可以看出来, 如果小整数的对象池被激活并且需要创建的整数对象就在对象池里面, 那么就会直接从那里面取出来用. 这就很简单了, 但是如果不是在里面或者对象池没有被激活, 那么就会走下面的函数过程了. 来分析下:

如果当前还没有分配, 就先创建我们的int block. 这个行为不仅出现在最一开始的fill_free_list调用上, 在所有的空闲内存(for intblock)没有的时候, free_list会重新变成NULL, 那个时候调用fill_free_list就又会进行分配了.

这个创建的过程是这样的:

static PyIntObject *
fill_free_list(void)
{
	PyIntObject *p, *q;
	/* Python's object allocator isn't appropriate for large blocks. */
	p = (PyIntObject *) PyMem_MALLOC(sizeof(PyIntBlock));
	if (p == NULL)
		return (PyIntObject *) PyErr_NoMemory();
	((PyIntBlock *)p)->next = block_list;
	block_list = (PyIntBlock *)p;
	/* Link the int objects together, from rear to front, then return
	   the address of the last int object in the block. */
	p = &((PyIntBlock *)p)->objects[0];
	q = p + N_INTOBJECTS;
	while (--q > p)
		q->ob_type = (struct _typeobject *)(q-1);
	q->ob_type = NULL;
	return p + N_INTOBJECTS - 1;
}

首先分配整个通用整数对象池的内存空间, 如果malloc失败, 报错处理. 如果malloc成功就可以继续了, 先忽略掉后面的那两行我们来看注释下面的. 接下来, 我们把IntObject数组的第一个元素贴到这个内存区域的头部, 把另一个指针q调整到这个对象池的最末尾+1的位置, 此时p指针指向头部第一个元素(也就是objects[0]).

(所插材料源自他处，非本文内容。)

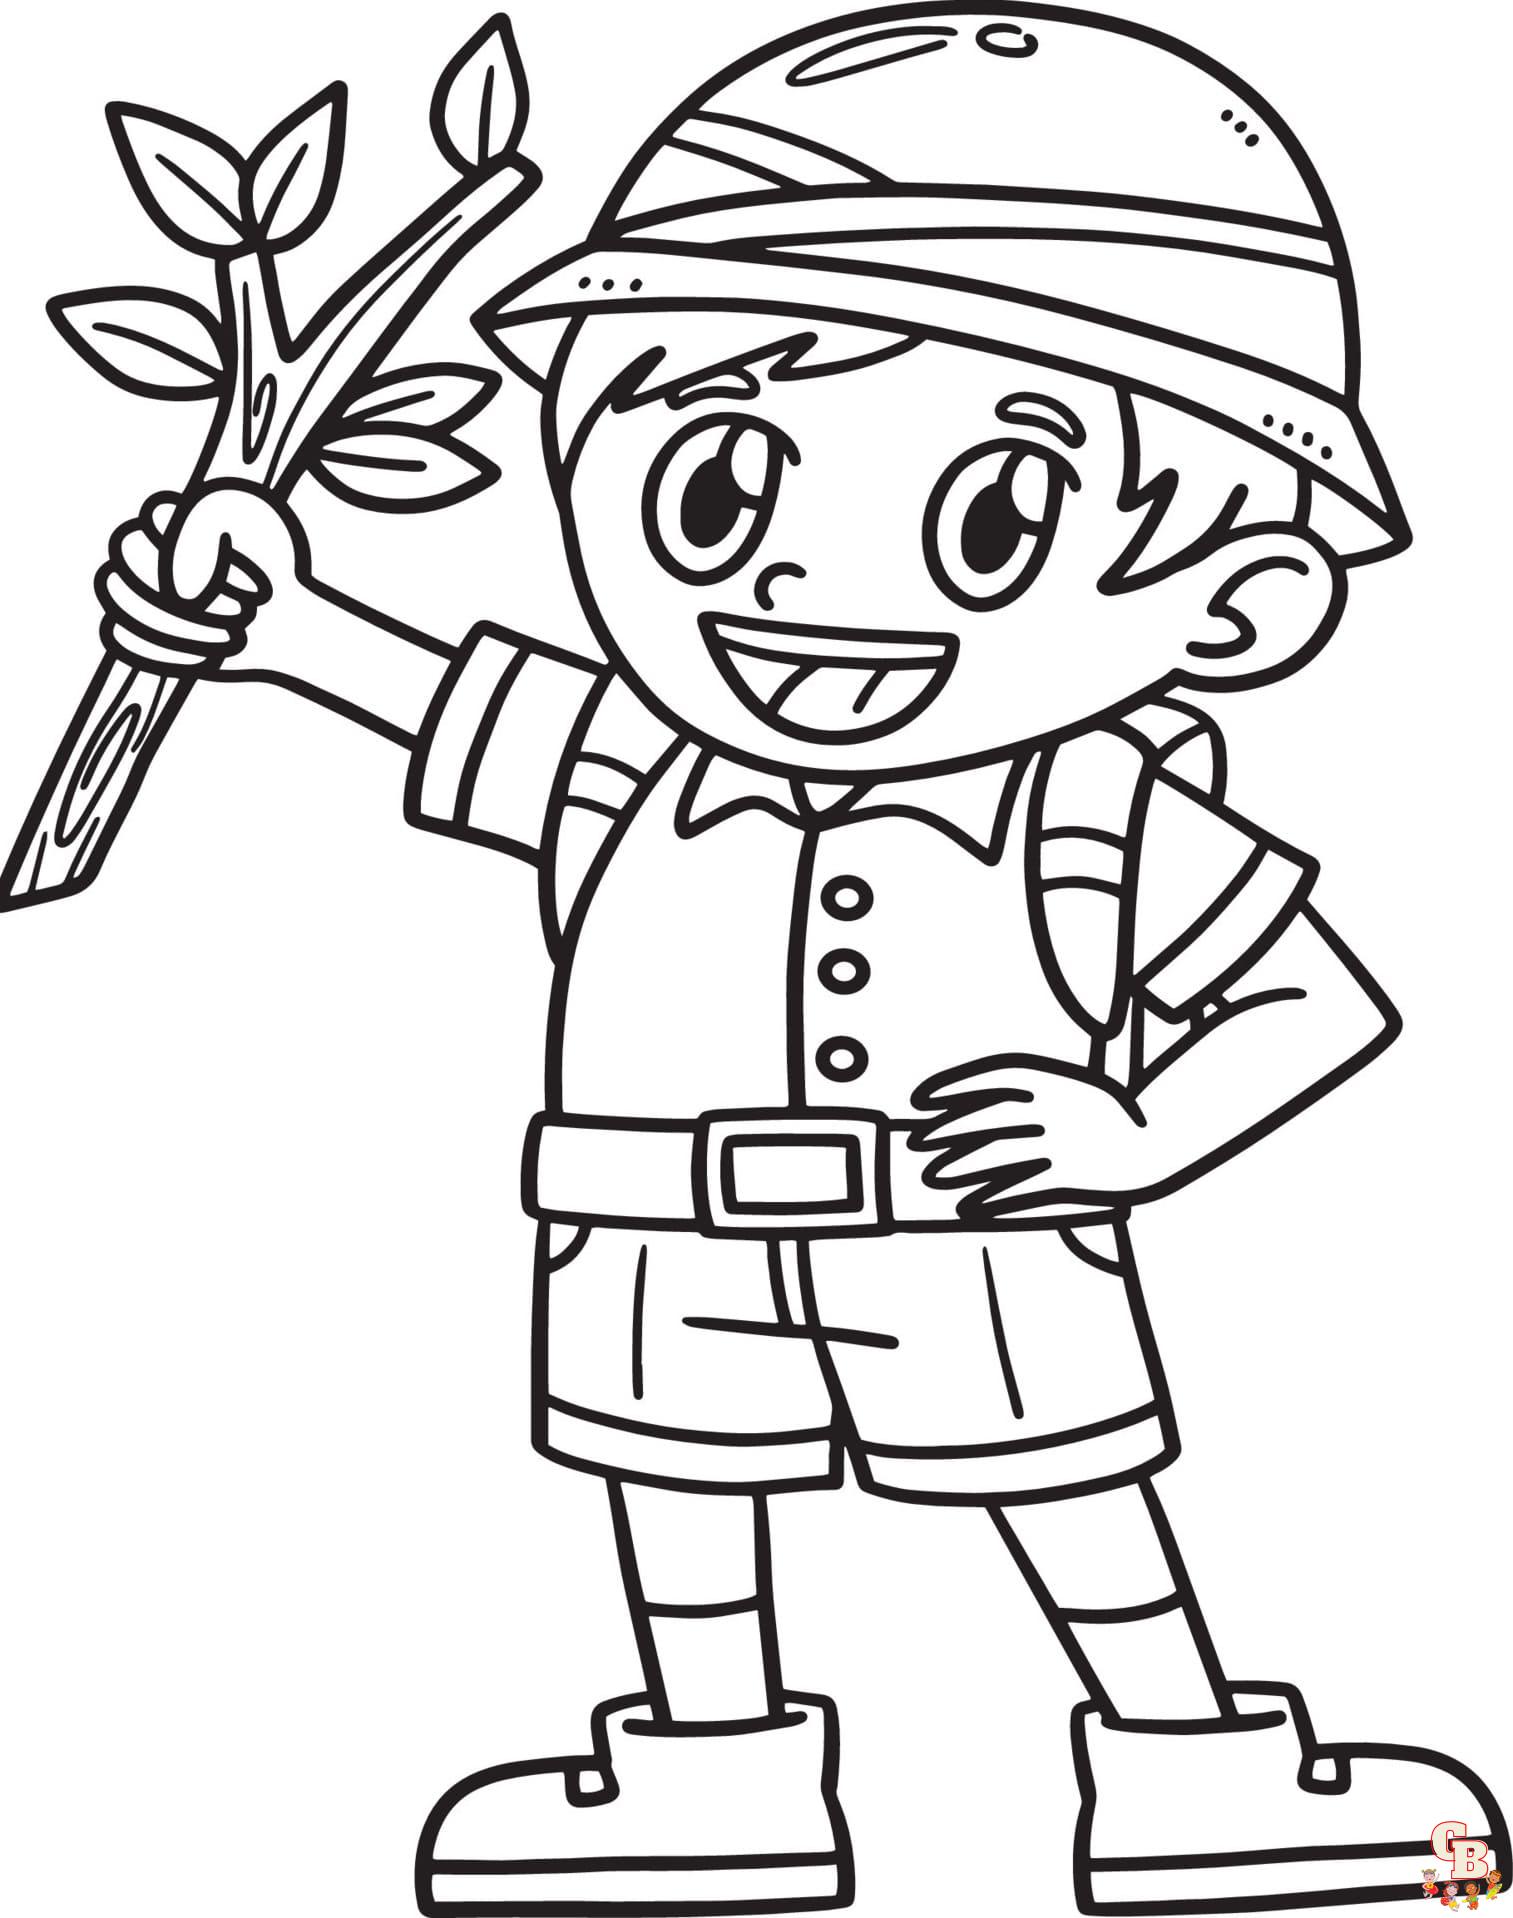 Cub Scout coloring pages printable

Then, 开始从后向前的移动q指针, 每一次移动都把对象池后面的那个整数对象的ob_type指向它前一个整数对象的ob_type直到q指针和p指针碰面, 也就是同时指向首位. 接着将第一个整数对象的ob_type设置成NULL. 这样就算是完成了, 最后返回这个对象池的最后一个元素的内存地址.

看到这里, 你可能会觉得有点疑惑, 尤其是ob_type那里, 为什么要这么做呢? 别急, 让我们继续往下看, 你会发现这一段代码的巧妙之处.

/* Inline PyObject_New */
v = free_list;
free_list = (PyIntObject *)v->ob_type;
PyObject_INIT(v, &PyInt_Type);
v->ob_ival = ival;
return (PyObject *) v;

之前在说对象池的时候就介绍过了, free_list相当于是对象池的对象指针, 那么每一次返回一个整数, 我们都需要把这个指针进行移动. 那么如何进行移动呢? 看上面的代码就可以知道了: 我们只需要把ob_type传递给free_list就行了.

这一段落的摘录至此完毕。